ABOUT THIS TASK: The listing below should be printed again word for word, without any images.

INFORMATION SUPPLIED:
■ ■ ■ ■ ■ ■ ■

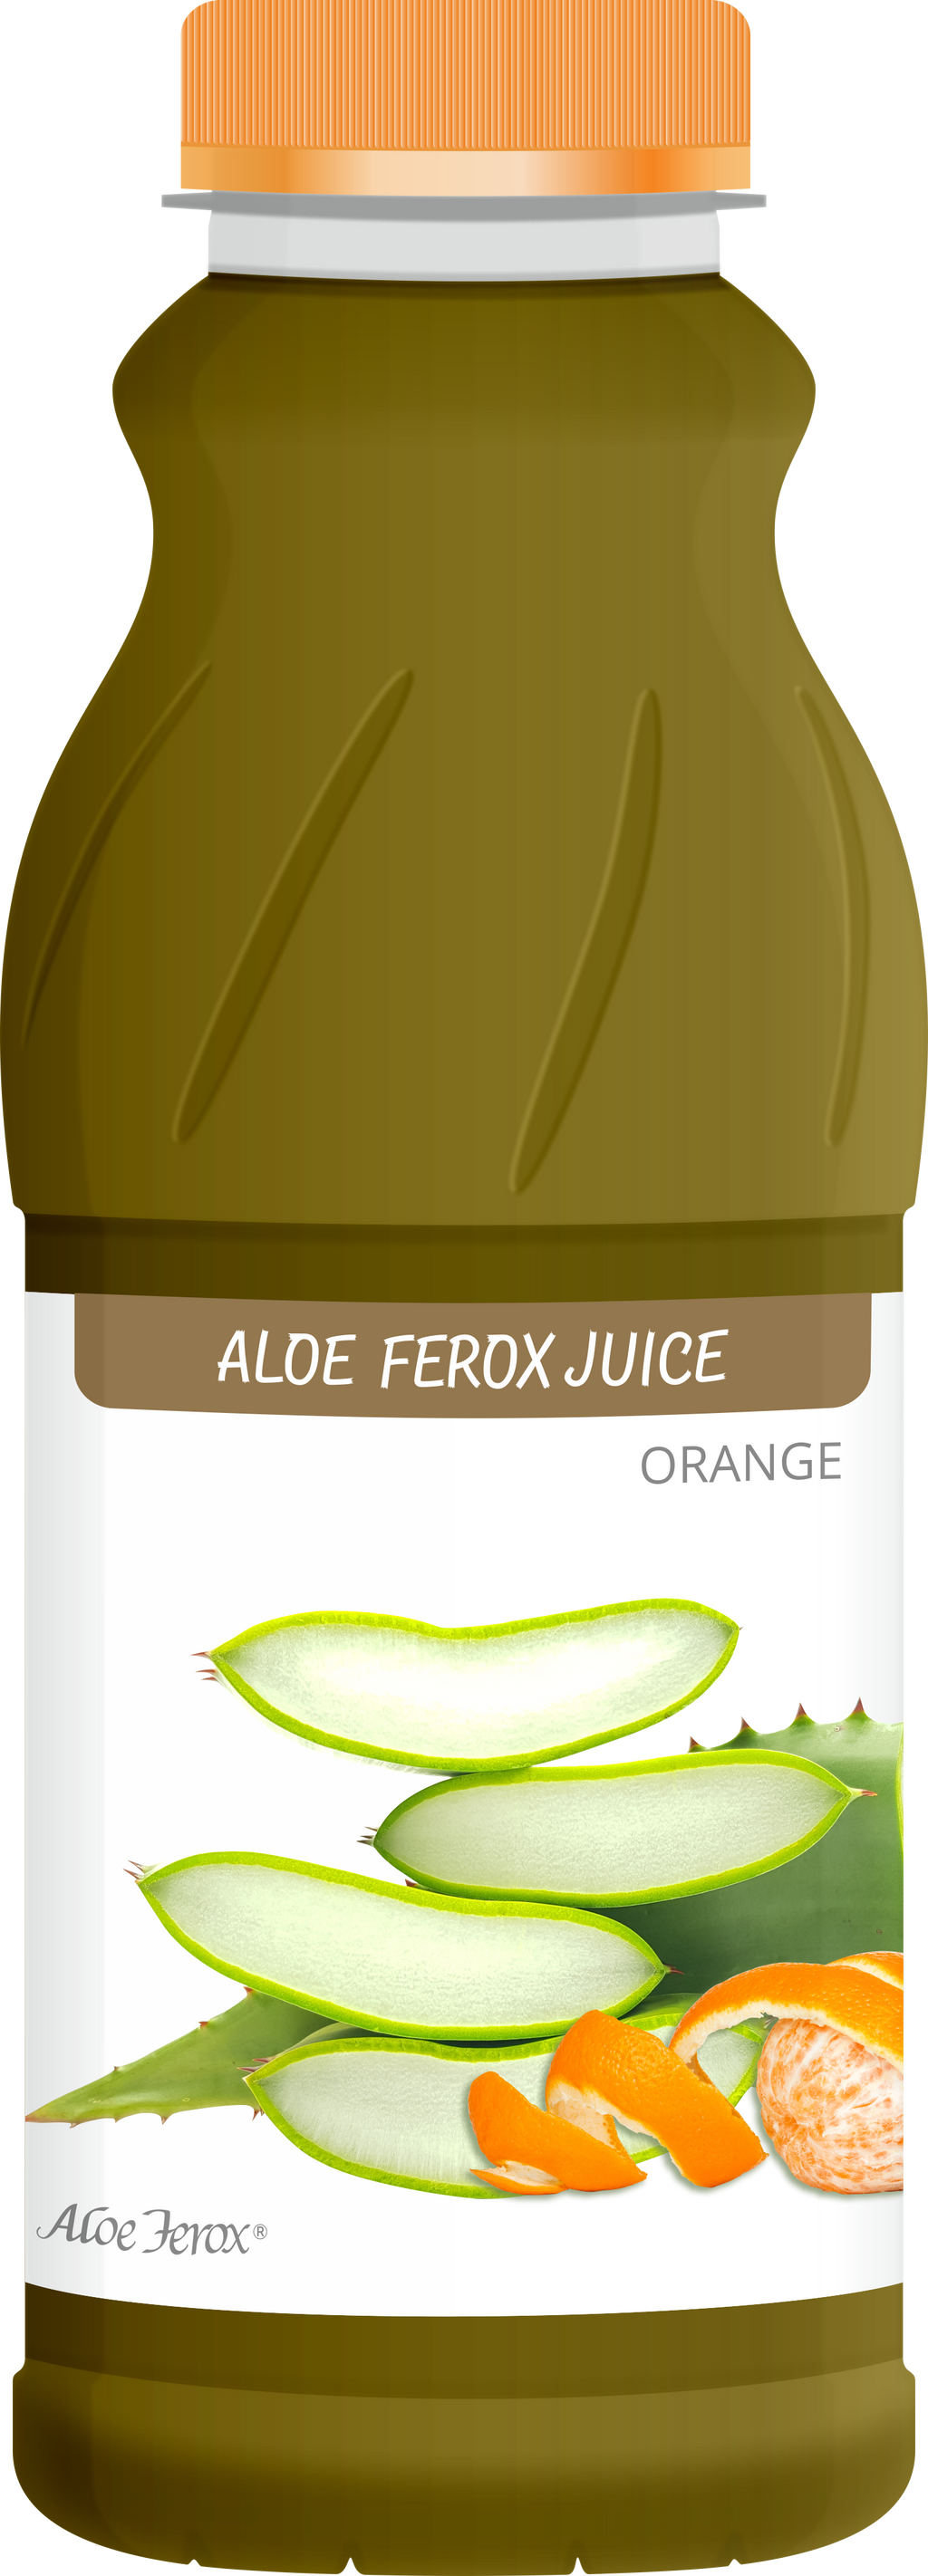 Aloe Ferox Juice Orange
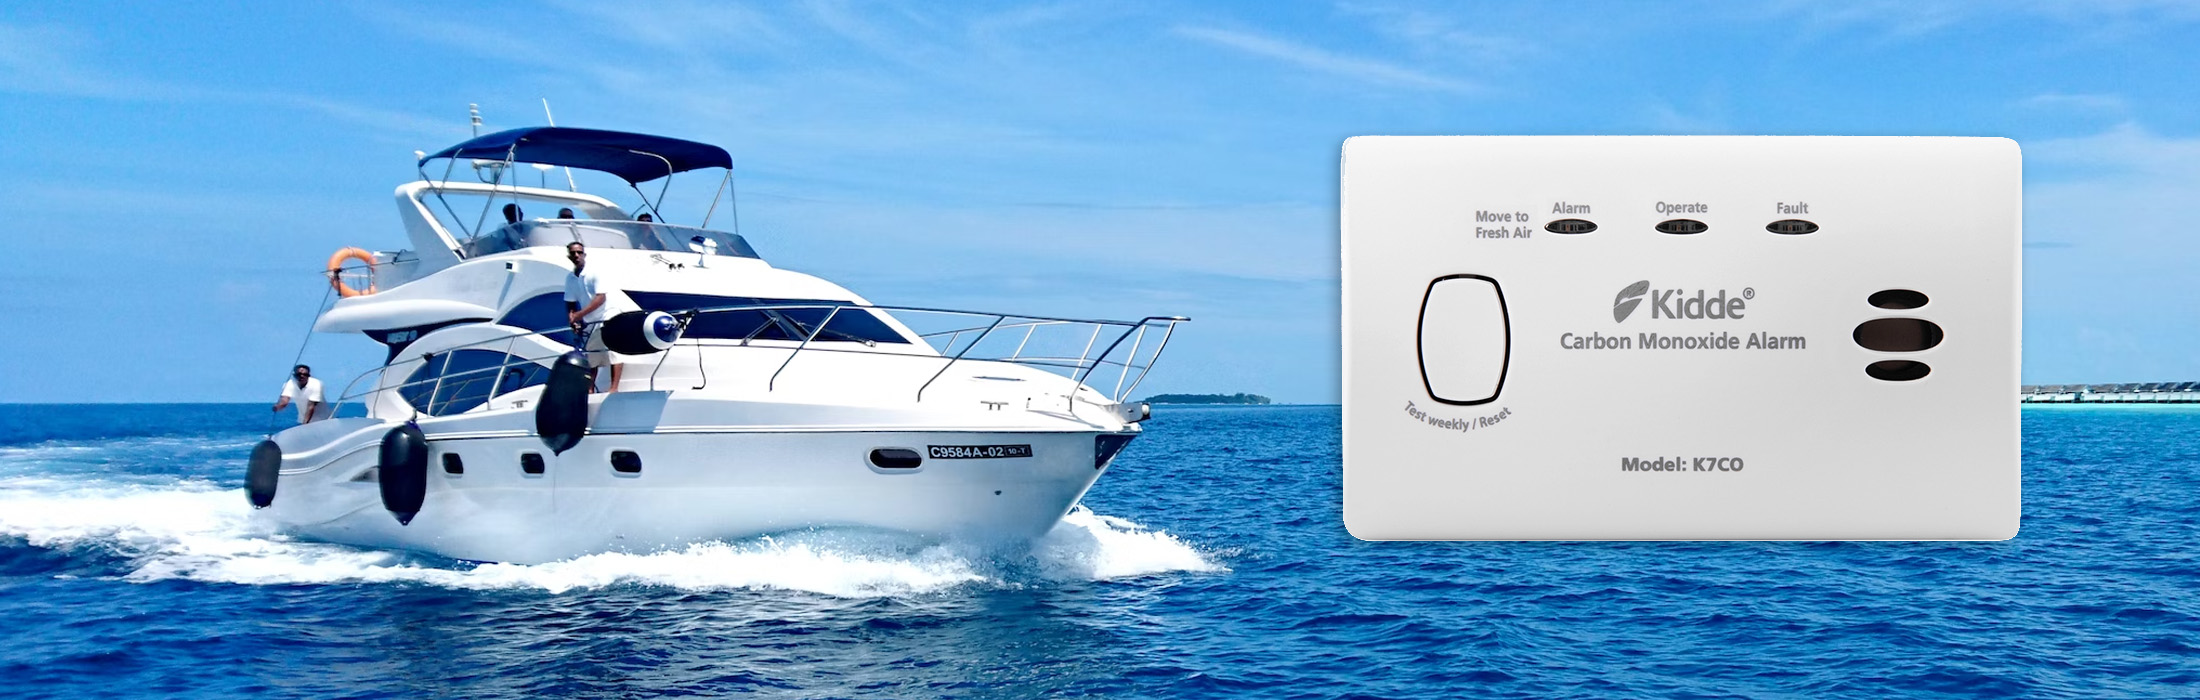 Carbon Monoxide Safety on Boats
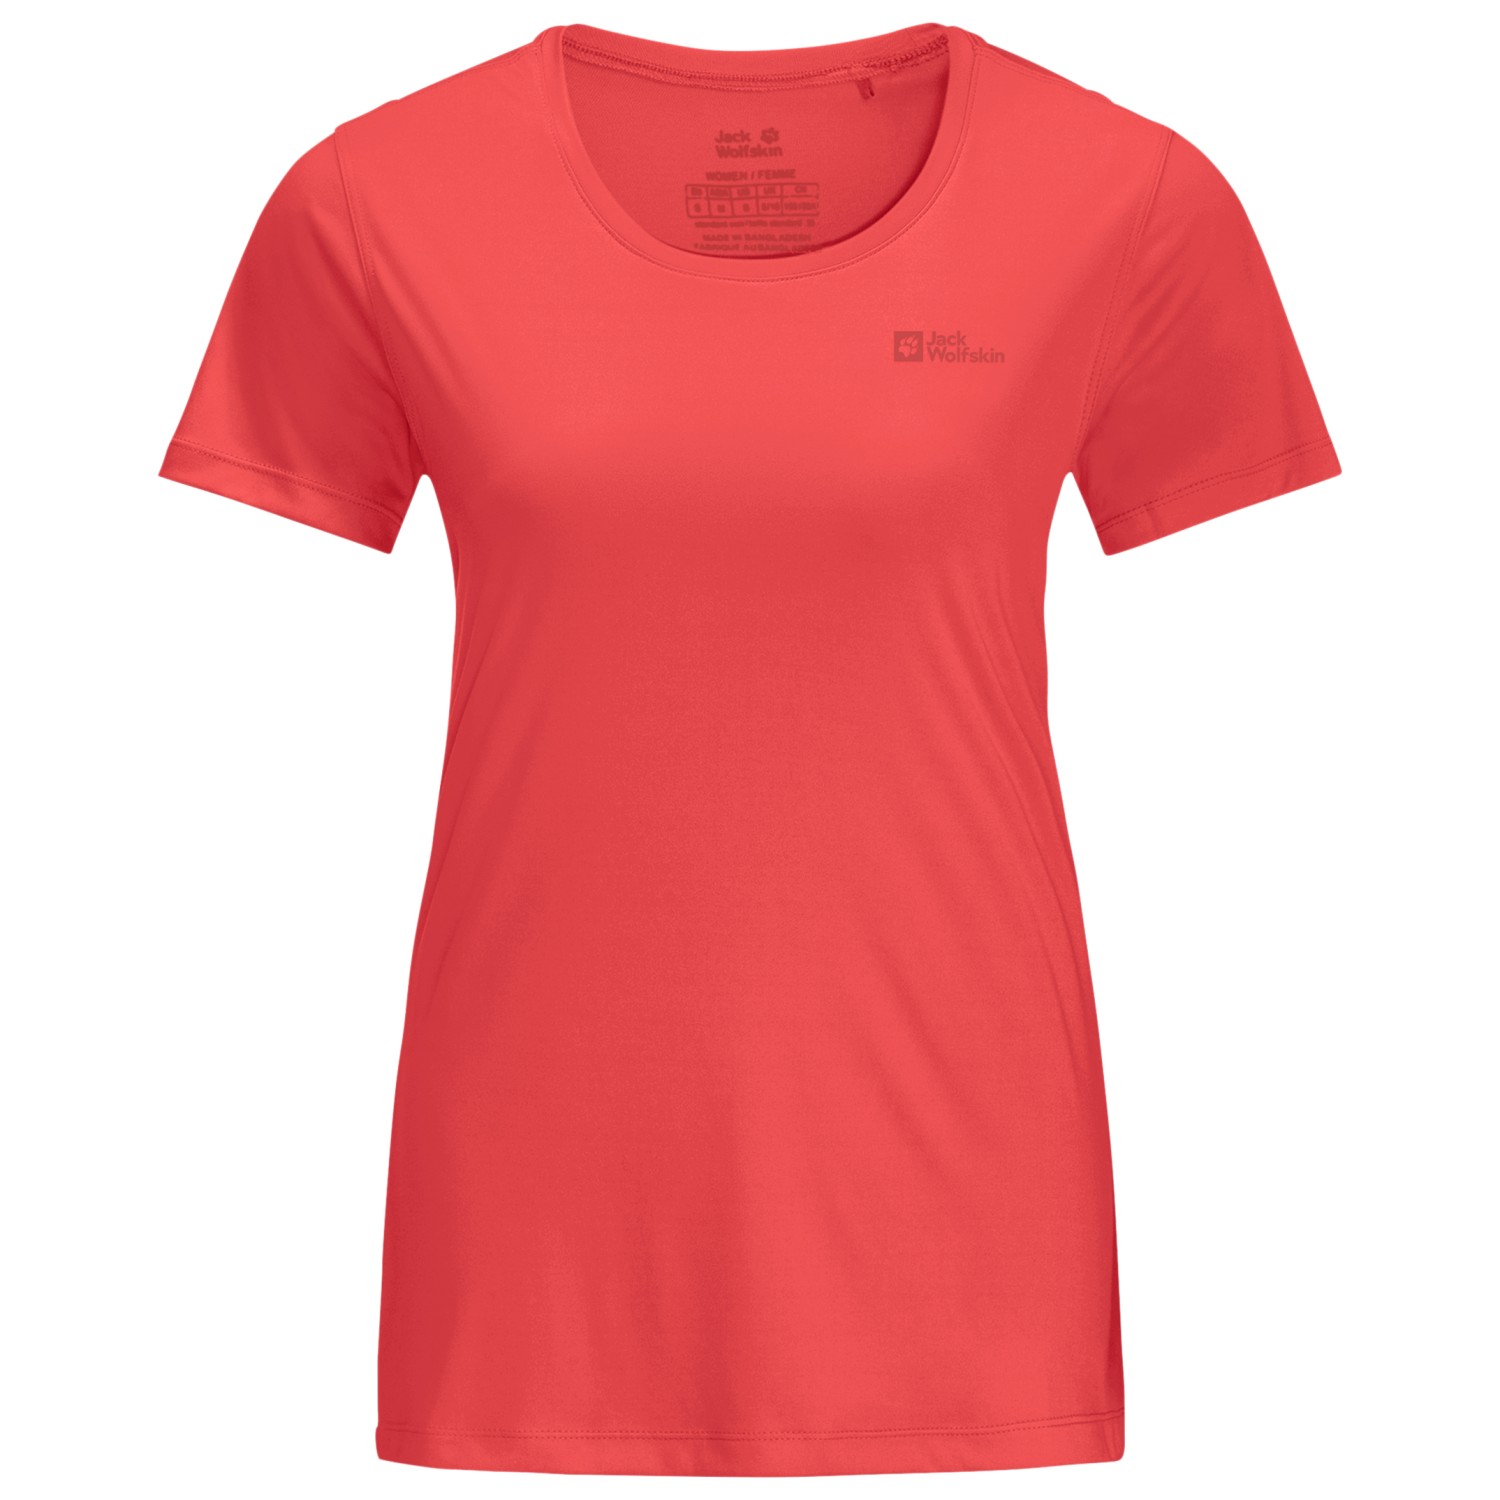 Функциональная рубашка Jack Wolfskin Women's Tech Tee, цвет Vibrant Red

■ ■ ■ ■ ■ ■ ■

FINISHED TASK:
 Aloe Ferox Juice Orange
 Carbon Monoxide Safety on Boats
 Функциональная рубашка Jack Wolfskin Women's Tech Tee, цвет Vibrant Red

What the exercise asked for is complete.